Artwork

Alexander Calder - Black Compass
Black Compass
Gouache on paper
29 1/2 x 42 1/2 inches
Dated and signed lower right: "66 / Calder"

Additional Work

Alexander Calder

Alexander Calder was born the son of Stirling Calder, a sculptor, in 1898. Stirling Calder was a fairly successful artist, mostly known for his Statue of William Penn that sits atop Philadelphia's City Hall building. Calder, coming from a family of artists, would go on to begin sculpting at an early age and would become infatuated with moving parts at an equally early age. Alexander's parents moved around the country a good amount, mostly between California and New York City, but with every move they made sure that their living space had a suitable cellar space to act as young Calder's studio.

Alexander Calder Is an artist well known for the creation of his mobile statues. These statues are ones that are in someway suspended and involve movement, either via motor power or air current. Alternately, Calder is also well known for his stabile statues (ones which stand on the ground, as traditional statues do). Though Alexander's experimental statues are his claim to fame, he was a very prolific painter and created many pieces with the recurring themes of swirls and basic geometric figures that can be seen in Construction with Stripes. As Calder's sculptures began to evolve into abstraction, so did his paintings. The thin lines which used to be used to delineate form came to be used to delineate geometric shapes, many of which appear to be in movement. This path to abstraction is paved with a genuine interest in the physicality of motion.

"How can art be realized?

Out of volumes, motion, spaces bounded by the great space, the universe.

Out of different masses, tight, heavy, middling—indicated by variations of size or color—directional line—vectors which represent speeds, velocities, accelerations, forces, etc. . . .—these directions making between them meaningful angles, and senses, together defining one big conclusion or many.

Spaces, volumes, suggested by the smallest means in contrast to their mass, or even including them, juxtaposed, pierced by vectors, crossed by speeds.

Nothing at all of this is fixed.

Each element able to move, to stir, to oscillate, to come and go in its relationships with the other elements in its universe.

It must not be just a fleeting moment but a physical bond between the varying events in life.

Not extractions,

But abstractions

Abstractions that are like nothing in life except in their manner of reacting." (1)

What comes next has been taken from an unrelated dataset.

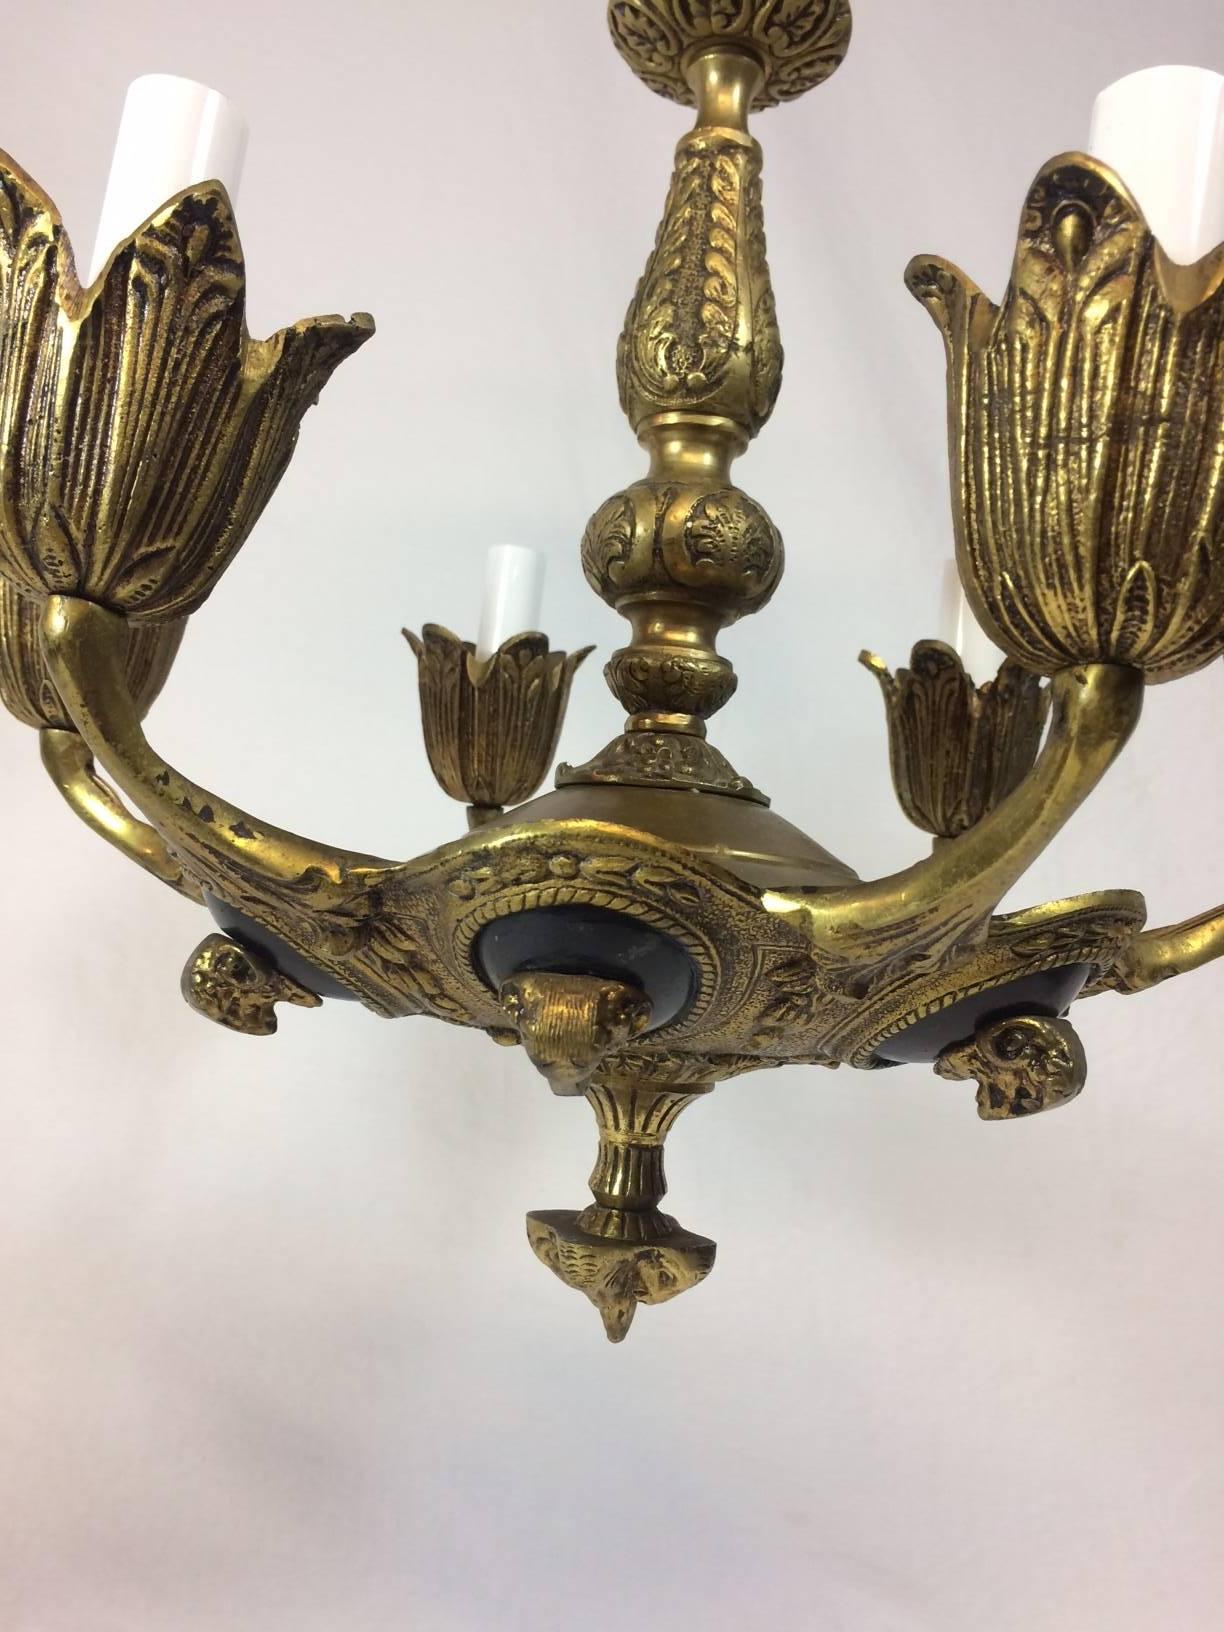 Cast Empire Style Ram's Head Chandelier For Sale
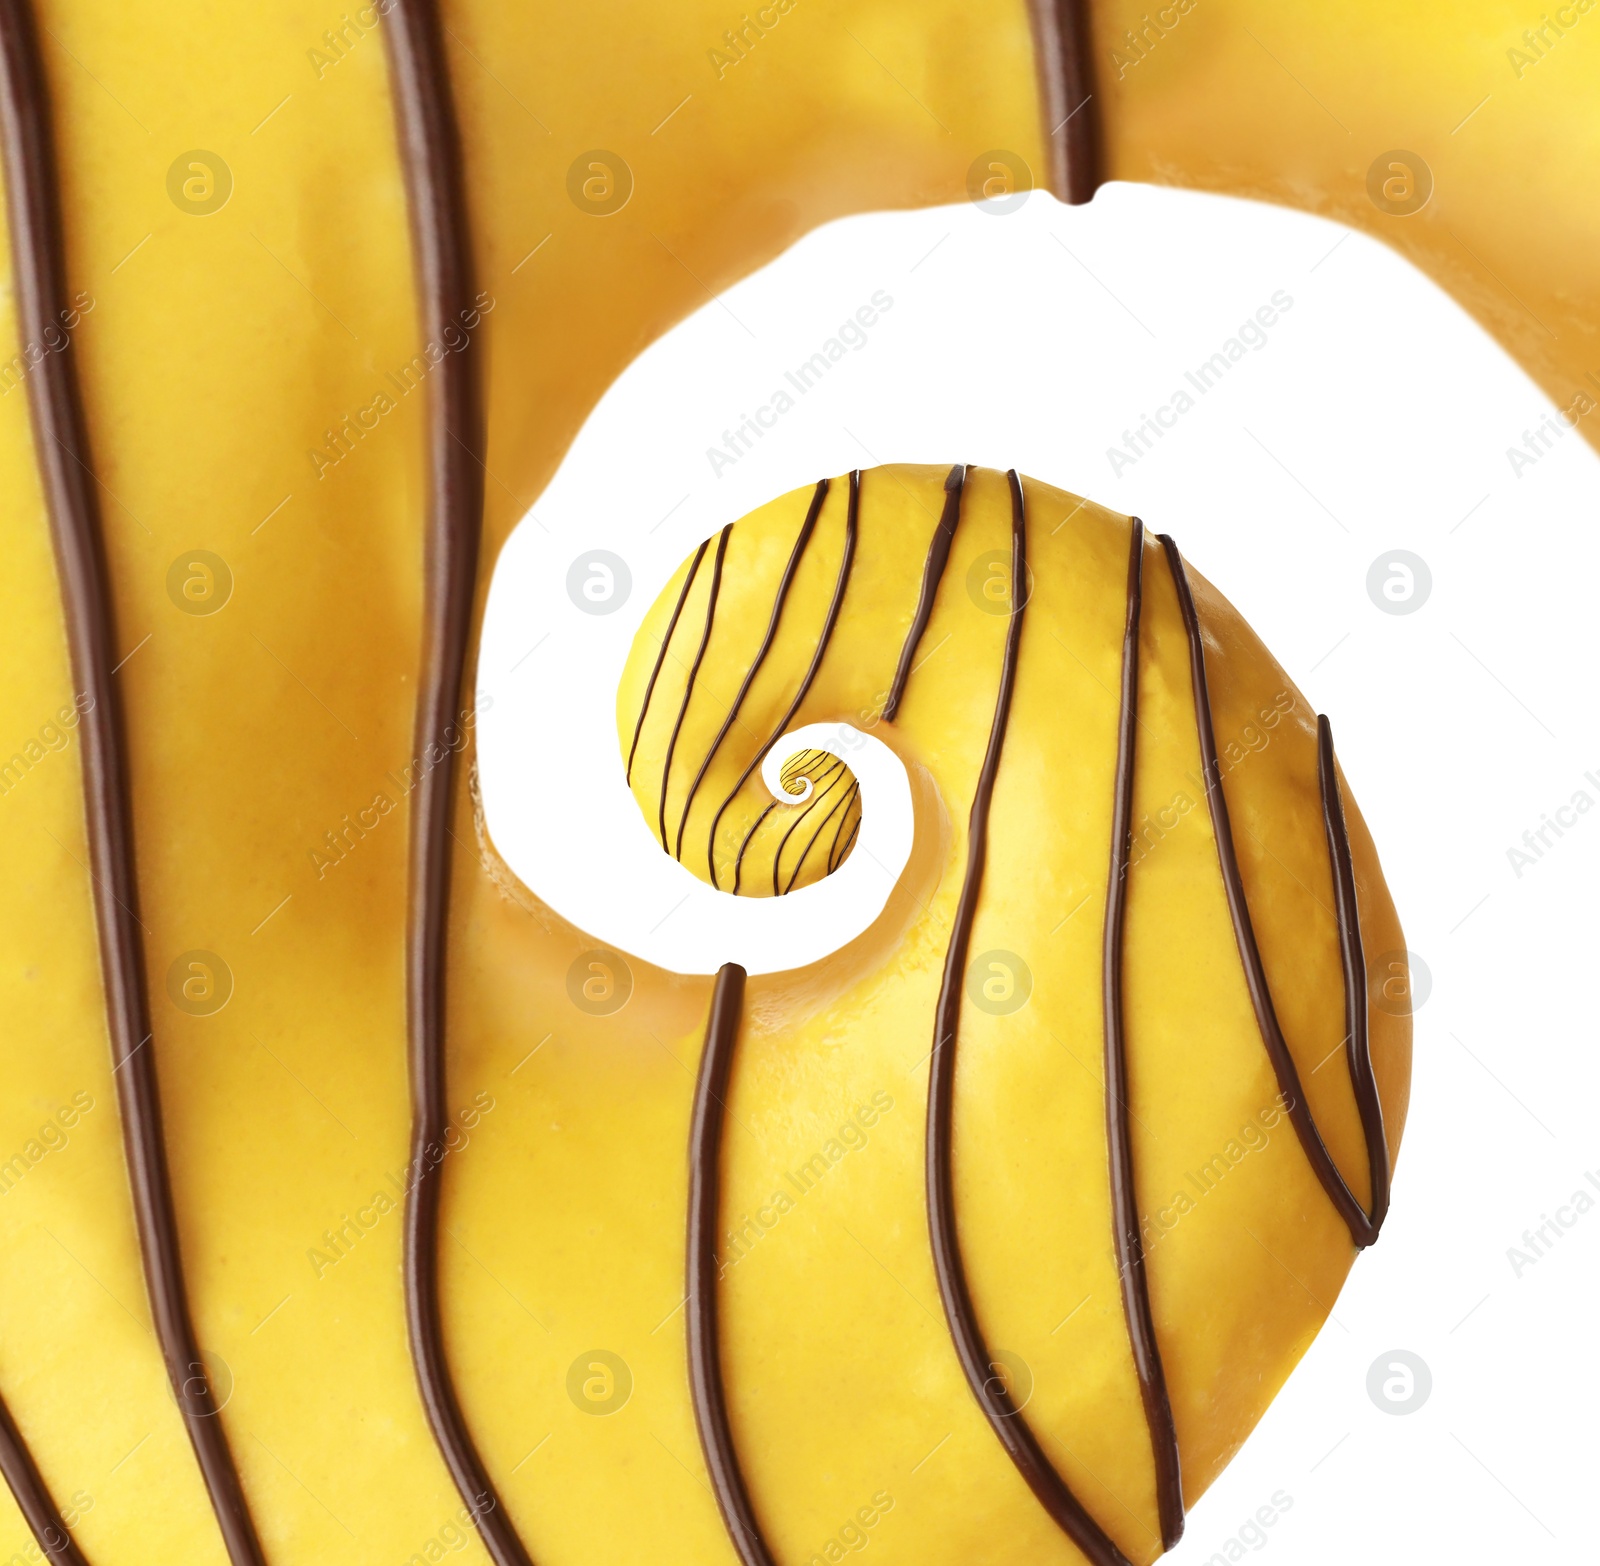 Image of Twisted donut with banana icing and chocolate topping on white background, spiral effect

This quote from Abstraction-Création, Art Non Figuratif, no. 1, shows the manner in which Calder eternally related to the arts, and this view is one that seems to have been heavily influenced by his studies at the Stevens Institute of Technology in mechanical engineering. Calder sees the world (including the art world) as the sum of its parts. The aesthetic that he successfully builds up from this notion is one that is more interested with the way in which parts interact and react to make wholes, than the whole itself. Though made more blatant by his mobile works, this philosophy of aesthetics can be discerned from the canvases whose abstraction in the later years of Calder's life can be described as the separation of parts from whole, and the fascination with moving parts and their relation to the two dimensional depiction capable via painting.

(1) Abstraction-Création, Art Non Figuratif, no. 1, 1932.